One advantages include that we could automatically know that S3Path("bucket") means "s3://bucket/", since there is no such thing as a relative S3Path.

Further we will get to forbid at dispatch time calls to joinopath(::Any, ::AbsolutePath), and don't have to worry about how to handle nonsense like joinpath(p"s3://foo/bar/", p"s3://foo/zap/") In the Haskell path library, the authors seperate abolute and relative paths, and it helped a lot in terms of type-safty. Julia is not a language where that kind of type-safty really works out, since not ahead of time compiled. But I do thinkt it might provide lot of clarity to the code.

I think not having this distinction is what made this https://github.com/rofinn/FilePathsBase.jl/pull/63 and https://github.com/JuliaCloud/AWSS3.jl/pull/74/ feel odd

This is related to https://github.com/rofinn/FilePathsBase.jl/issues/71 but is a bit less of a wild idea. It is probably mutually exclusive with that idea.

oxinabox avatar Apr 06 '20 13:04 oxinabox

don't have to worry about how to handle nonsense like joinpath(p"s3://foo/bar/", p"s3://foo/zap/")

nonsense: https://github.com/JuliaCloud/AWSS3.jl/issues/75

nickrobinson251 avatar Apr 06 '20 13:04 nickrobinson251

In the Haskell path library, the authors seperate abolute and relative paths, and it helped a lot in terms of type-safty.

https://hackage.haskell.org/package/path

nickrobinson251 avatar Apr 06 '20 13:04 nickrobinson251

I'll note that a downside of this approach is that it pushes a lot more logic into the path construction (e.g., aggressive path normalization, system calls to check if something is a path). If we were going to do this I'm guessing we'd want to encode it sort of like Distributions.jl?

abstract type Type end
struct Directory <: Type end
struct File <: Type end

abstract type Form end
struct Absolute <: Form end
struct Relative <: Form end

abstract type AbstractPath{T<:Type, F<:Form} end
abstract type SystemPath{T<:Type, F<:Form} <: AbstractPath{T, F} end
struct PosixPath{T<:Type, F<:Form} <: SystemPath{T, F}
    ...
end

const DirectoryPath = AbstractPath{Directory}
const FilePath = AbstractPath{File}

# If we say that relative paths can only make sense for system paths
const RelativePath{F} = SystemPath{F, Relative}
const RelativeDirectory = SystemPath{Directory, Relative}
const RelativeFile = SystemPath{File, Relative}

const AbsolutePath{F} = AbstractPath{F, Absolute}
const AbsoluteDirectory = AbstractPath{Directory, Absolute}
const AbsoluteFile = AbstractPath{File, Absolute}

rofinn avatar Apr 06 '20 15:04 rofinn

Hmm

In Python's pathlib, a path is absolute if it has a root, and (if applicable) a drive.
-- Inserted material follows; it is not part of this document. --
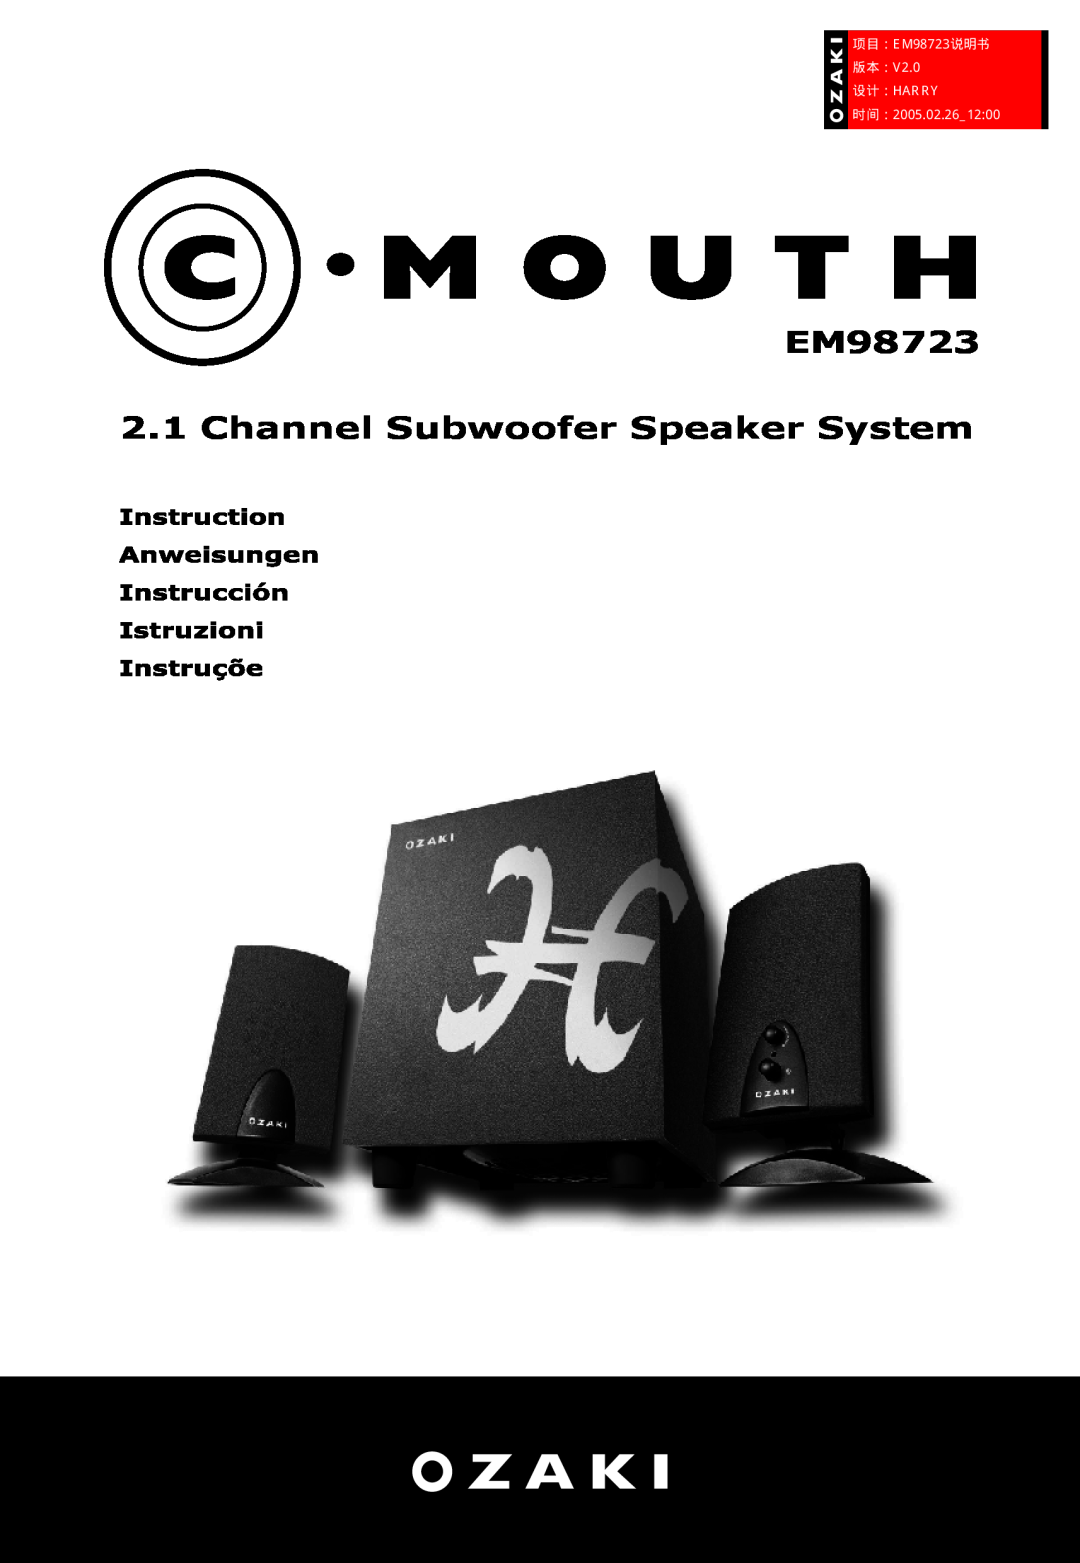 Ozaki Worldwide manual EM98723 2.1 Channel Subwoofer Speaker System, 项目：EM98723说明书 版本：V2.0 设计：HARRY, 时间：2005.02.26 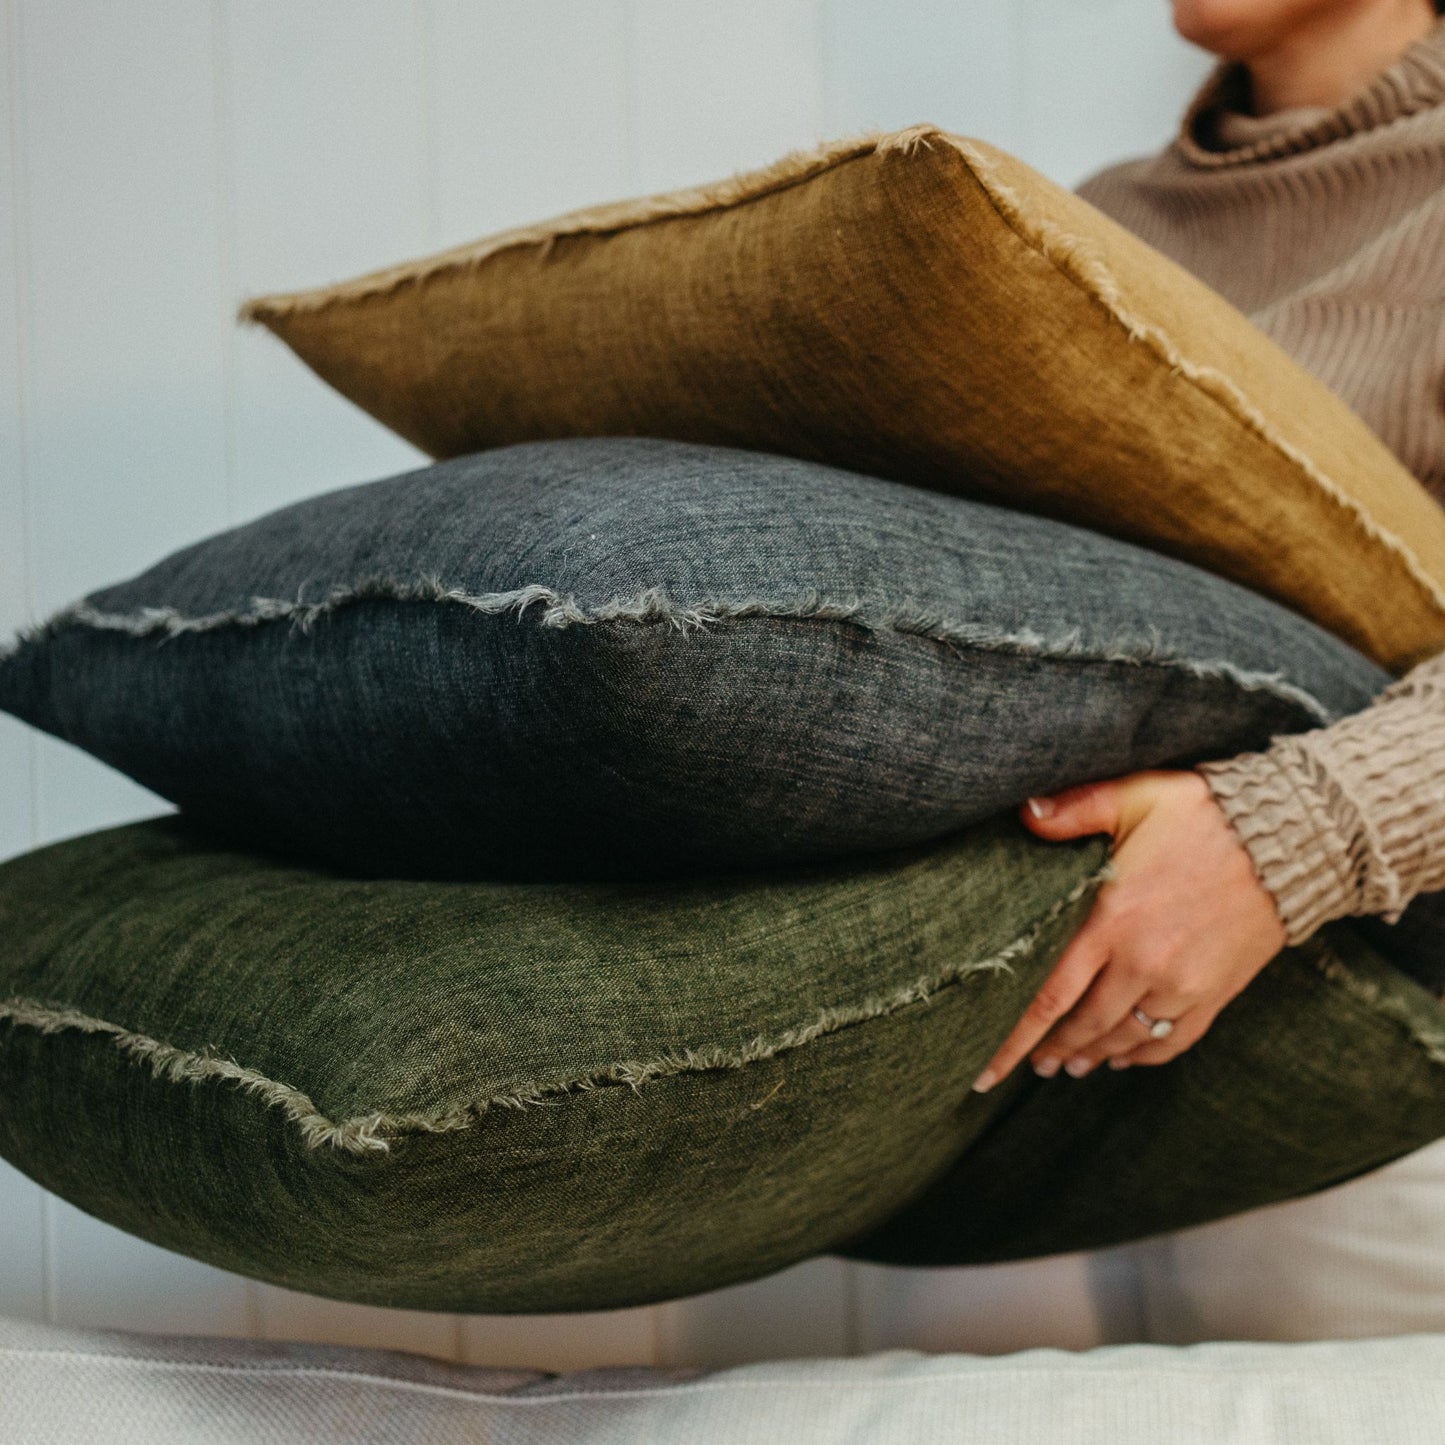 Lina Linen Pillow | Charcoal

So I suggest that perhaps an absolute path is a composite type containing both a root and a relative path.

iamed2 avatar Apr 06 '20 22:04 iamed2

That's kind of already the case in that a relative path is the same type, but just has an empty root. You're suggesting having fully independent structs?

rofinn avatar Apr 06 '20 22:04 rofinn

One thing I'm not sure about is generic parsing of relative paths. Currently, we parse windows and posix paths differently even when they're relative (e.g., separator is different, drive can be present). If we had one RelativePath that basically just wrapped the segments tuple then that wouldn't be possible. I feel like parameterizing the existing type hierarchy would make it easier for new base path types decide how relative paths should be parsed and displayed. We could still have general fallback though.

rofinn avatar Apr 10 '20 19:04 rofinn

Okay, after playing with a prototype for a few days I don't think the benefits out way the extra complexity. Here is my reasoning:

  1. As mentioned above, a single RelativePath type wouldn't even cover the 2 system path types we currently have nicely and would require a WindowsRelativePath and a PosixRelativePath which also couldn't be both a SystemPath and an AbstractRelativePath. This would become even more difficult if we want to differentiate files and directories as demonstrated in the haskell library linked.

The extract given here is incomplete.